- Power type: Steam
- Build date: 1856–1857
- Total produced: 40
- Configuration:: ​
- • Whyte: 0-8-4T
- • UIC: D2 n2t
- Gauge: 1,435 mm (4 ft 8+1⁄2 in)
- Driver dia.: 1.26 m (4 ft 1+5⁄8 in)
- Wheelbase: 8.70 m (28 ft 6+1⁄2 in)
- Length: 11.35 m (37 ft 3 in)
- Adhesive weight: 43–39 t (94,800–86,000 lb)
- Loco weight: 67–62 t (148,000–137,000 lb)
- Fuel type: Coal
- Firebox:: ​
- • Type: Crampton
- • Grate area: 1.97 m^{2} (21.2 sq ft)
- Boiler pressure: 7.5 kg/cm^{2} (0.735 MPa; 107 psi)
- Heating surface: 165–195 m^{2} (1,780–2,100 sq ft)
- Cylinders: Two, outside
- Cylinder size: 500 mm × 660 mm (19+11⁄16 in × 26 in)
- Valve gear: Gooch
- Operators: Chemins de Fer du Nord
- Numbers: Nord (Pre-1872): 360 – 399; Nord (1872): 4.361 – 4.400;

= Nord 360 to 399 =

0-8-4T Engerth locomotives for freight traffic

Nord 360 to 399, renumbered to Nord 4.361 to 4.400 in 1872, were 0-8-4T Engerth locomotives for freight traffic of the Chemins de Fer du Nord.
The machines were built in 1856–1857 and retired from service in 1907–1910.

==Construction history==
The machines were built by Schneider and Grafenstaden in 1856–1857.
The 0-8-4T locomotives were of a modified Engerth design, with the articulated two-axle tender being supported by the fourth driving axle.
The firebox was as of the Crampton type.
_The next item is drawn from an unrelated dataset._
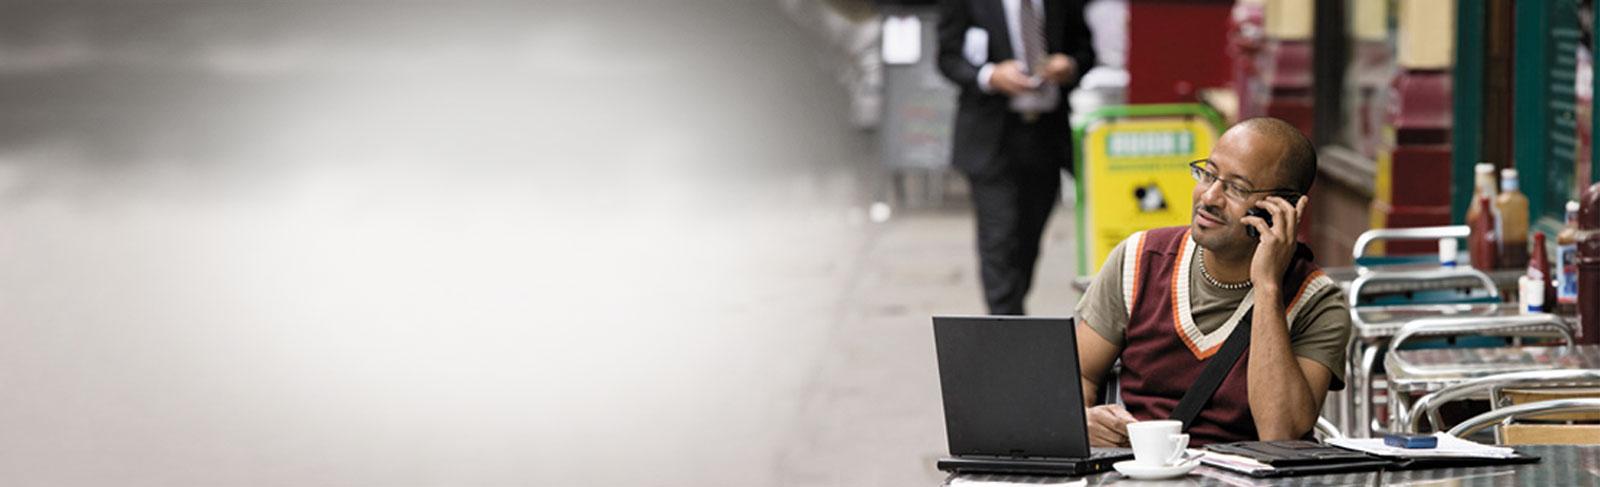 Kahvilassa puhelimen ja kannettavan tietokoneen kanssa oleva mies, joka käyttää työsähköpostia Exchange Server 2013:n kautta.

The boiler consisted of three boiler shells with a Crampton regulator located at the extreme front.
The cylinders were on the outside of the locomotive frame and the locomotives had a Gooch valve gear.
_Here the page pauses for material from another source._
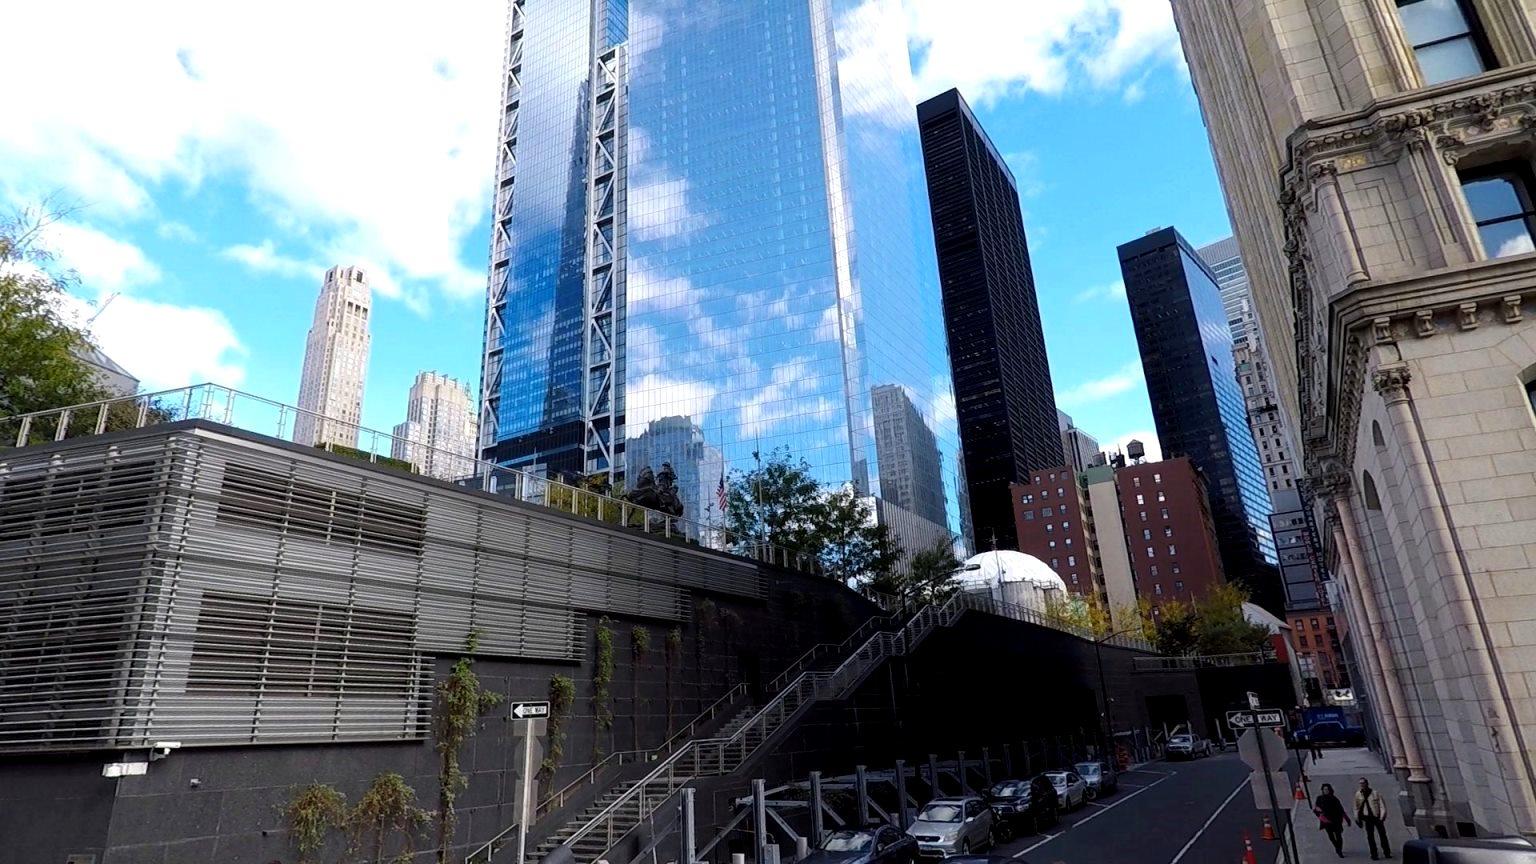 Am Ground Zero

Table of orders and numbers
| Year | Quantity | Pre-1872 No. | Post-1872 No. | Manufacturer | Serial number |
|---|---|---|---|---|---|
| 1855 | 10 | 370–399 | 4.400, 4.371–4.379 | Schneider et Cie | 212–221 |
| 1855 | 20 | 370–399 | 4.380–4.399 | Schneider et Cie | 247–266 |
| 1857 | 10 | 360–369 | 4.370, 4.361–4.369 | Graffenstaden | 1 – 10 |

The machines were used for heavy coal trains and freight service.